それにしても、と、緑色のソーダの上に乗るアイスクリームを細長いスプーンで器用に食す君を見る。くるくると縦に巻かれた淡い茶色の髪にアイスがつかないかひやひやしたが、心配には及ばないようだ。髪を追って視線を頭に滑らすとそこにはフリルが彩るヘッドドレスが住まっている。装いは見事なまでに整えられたロリータ服だ……どうも甘ロリと呼ばれる類らしい……。
そんな君が、どうしてスウェットにジーンズスキニーという恰好でデートに馳せ参じるわたしなんかを好きになって、付き合おうと思ったのか、どうやら21回目らしい逢瀬でもいまいち分からない。
「君はさ、わたしのどこか好きなの」
あら、と君が顔を上げる。カシスオレンジみたいなダークな色で彩られた目元。
「その質問は何度目か分かる?」
「さあ」
「21回目よ」
「うそだ」
「ほんとう。
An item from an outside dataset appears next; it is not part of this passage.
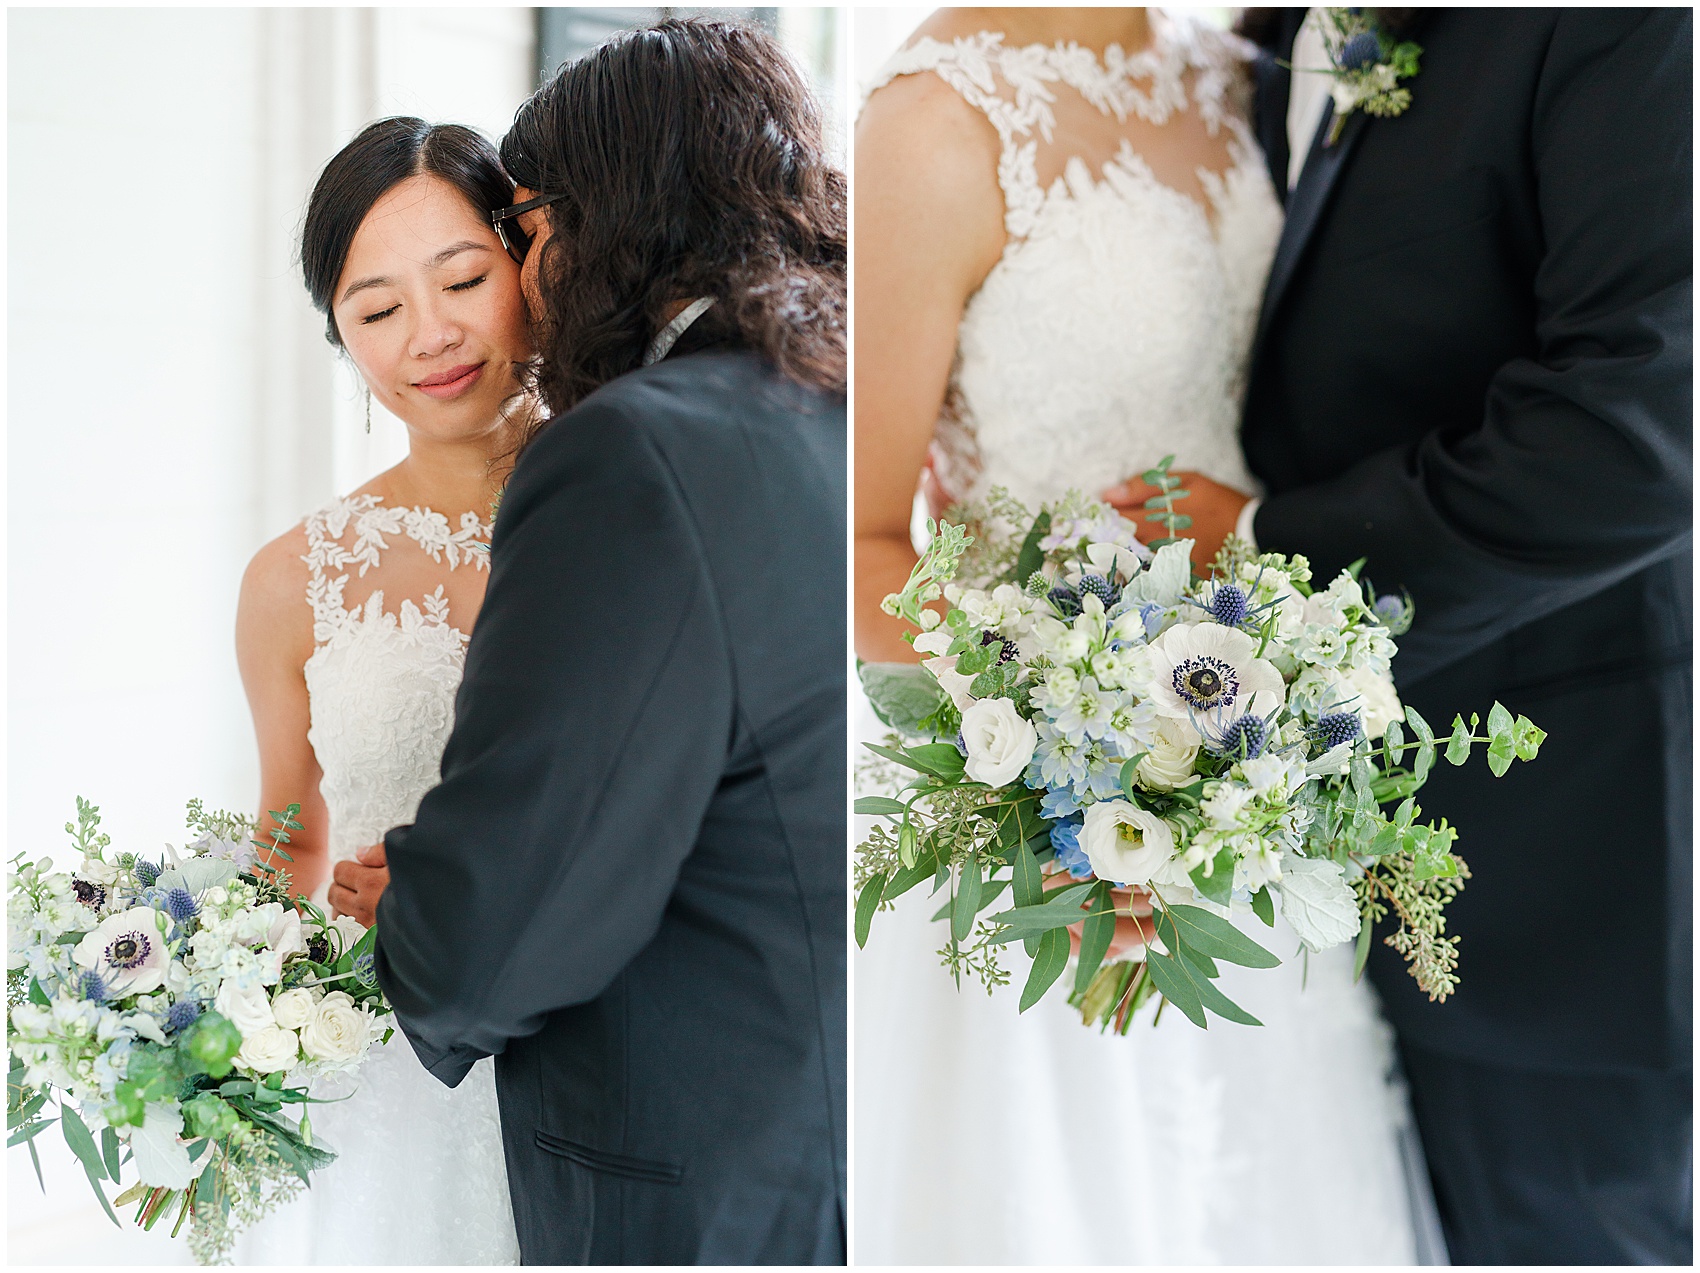 details of a bride's bouquet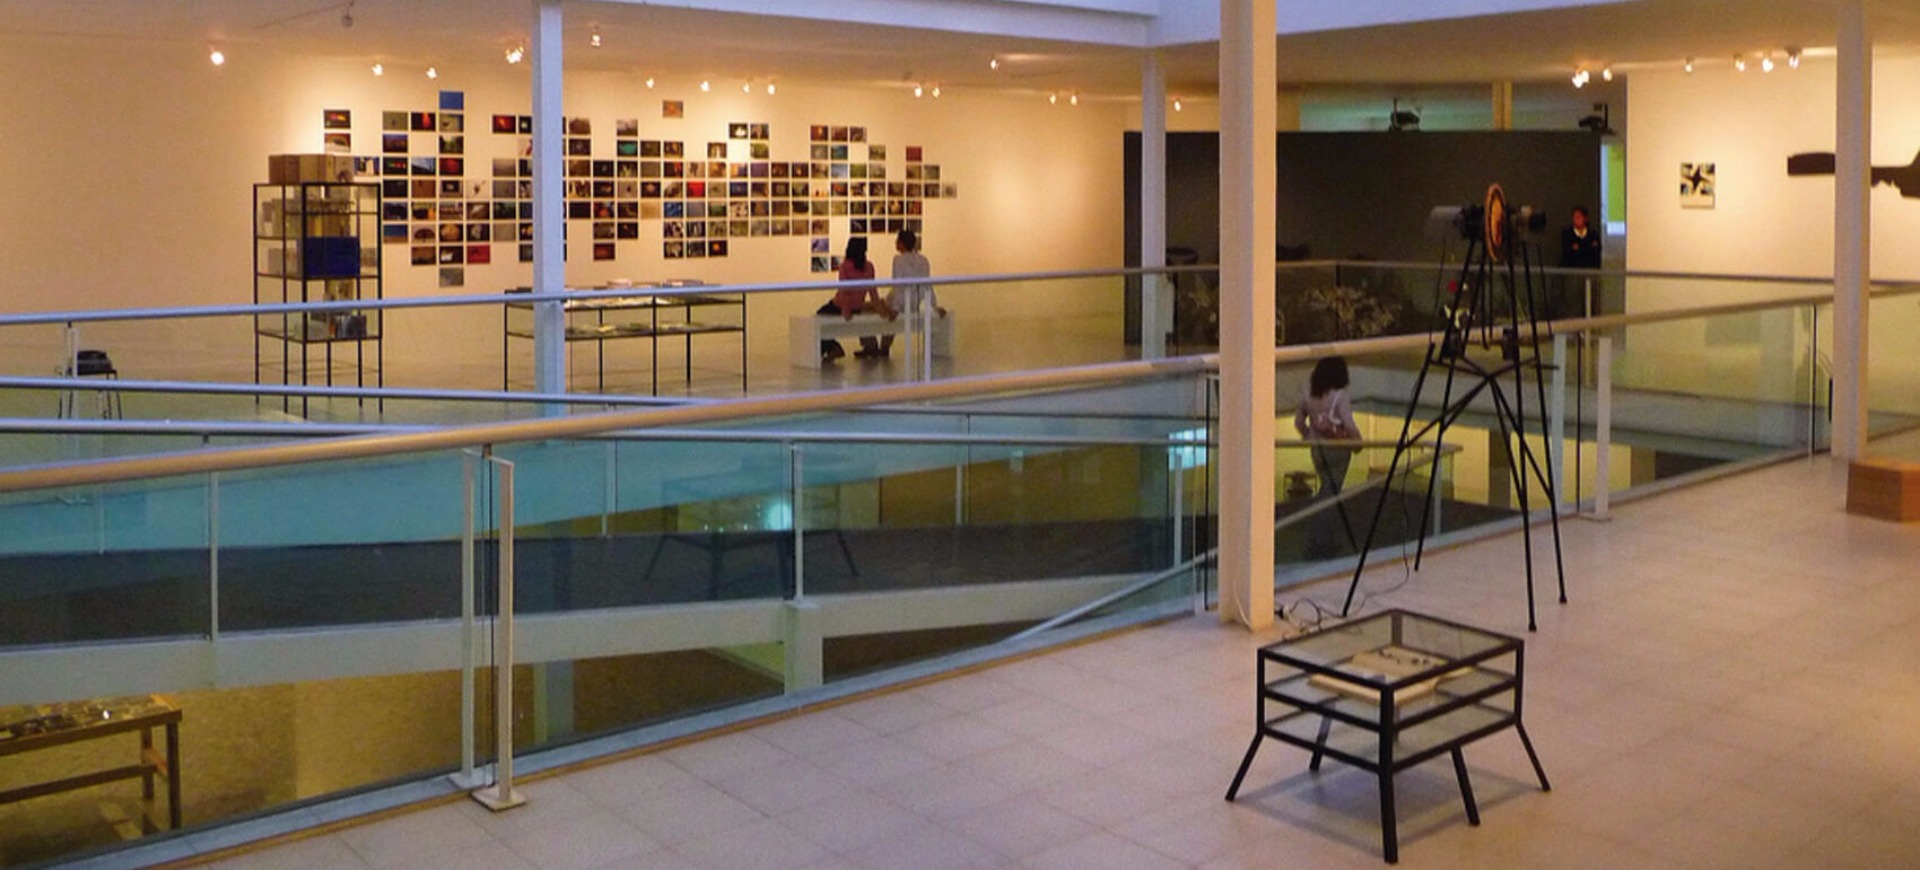 Museo de Arte Carrillo Gil (MACG)

私、きちんと数えているんですもの」
まさか会う度に聞いているんじゃないだろうな、わたしは? そうだったとして発した問いは取り戻せないし、君は
「あなたのどこが好きか、そうね……」
と律義に考えてくれているし。
「まず」
まつ毛の先にまで気を配った丁寧な瞳と目が合う。
「当の本人に向かってずけずけそういう質問をしてくるところが好き」
……それは。
「褒めてる?」
「勿論。だって好きだと言っているのよ」
分からない。どういうことなんだ、どういう思考回路なんだ?
「あなた、そういう図太くて無神経で、物怖じしないところ、あるわよね。私と最初に会った時もそうだった」
「完璧にディスられてるよね」
「まさか。まぁ確かに、いちばん最初に会った時のあなたには私、ちょっとむっとしたけれど」
したのか。
「けれど、すぐに好きになったわ。あなたのこと」
「変なの」
「そうかしら? でも、ほんとうにあなたのそういうところも好きなのよ、私」
ふうん、とカップを手に取ってひと口。クリームが上唇に容赦なくくっついてくる。それを舐めとりながら苦い液体が流れてくるのを待って、飲み込む。
「他には?」
「そうね……コーヒーがほんとうは飲めないくせに毎回格好つけたくて、でもなるだけリスクが低そうなウインナーコーヒーを砂糖ありで頼むところ」
がちゃん、と鳴った音に店中が振り返った気がした。ちなみに、わたしがカップを雑に置いた音だ。なんてこと言ってくれるんだ。
「格好つけてなんかない」
「いいえ、あなたは私の前で少しでも自分の望む自分であろうと努力していることを私は知っているわ。これを伝えるのはちなみに何回目か分かる?」
「知らないよ」
「21回目よ」
「そんなに?」
というかそんなに言われているなら覚えていないわたしはあまりに馬鹿すぎないか?
君は気にした様子も無くくすりと可憐に笑っている。
「あなたのそういう、私の言ったことをあまり覚えていないところも好きよ」
「ねえ、ほんとうに今、わたしの好きなところを列挙してるんだよね?」
「ええ、そうよ」
「そう……」
まったくわけが分からない。もしやこうやって毎度腑に落ちないから記憶に無いし、毎回君に尋ねているのだろうか。思わず沈みがちな息が漏れる。
君はやはり、嬉しそうな顔でこちらを見ている。
「ふふ、その諦めたみたいな項垂れ顔、好きよ」
「そりゃどうも……」
肩を竦めてカップを手に取り直す。決して見栄で頼んでいるわけではない……断じてそうだ……ウインナーコーヒーを飲む。
「そういうわけで、好きよ、あなたのこと」
「分かったような分からないような」
否、実のところさっぱり分かっていないというのが本音だが。
「今ので何回目か分かる? あなたに好きって言ったの」
君が些かわくわくした面持ちで身を乗り出す。鼻先から香ったみたいにナチュラルな、フローラルのフレグランス。
「……まさか、21回目?」
「ふふ」
君は意味深に笑う。いや、そこはそうだって言えよ。それともほんとうにもっと言ったのか?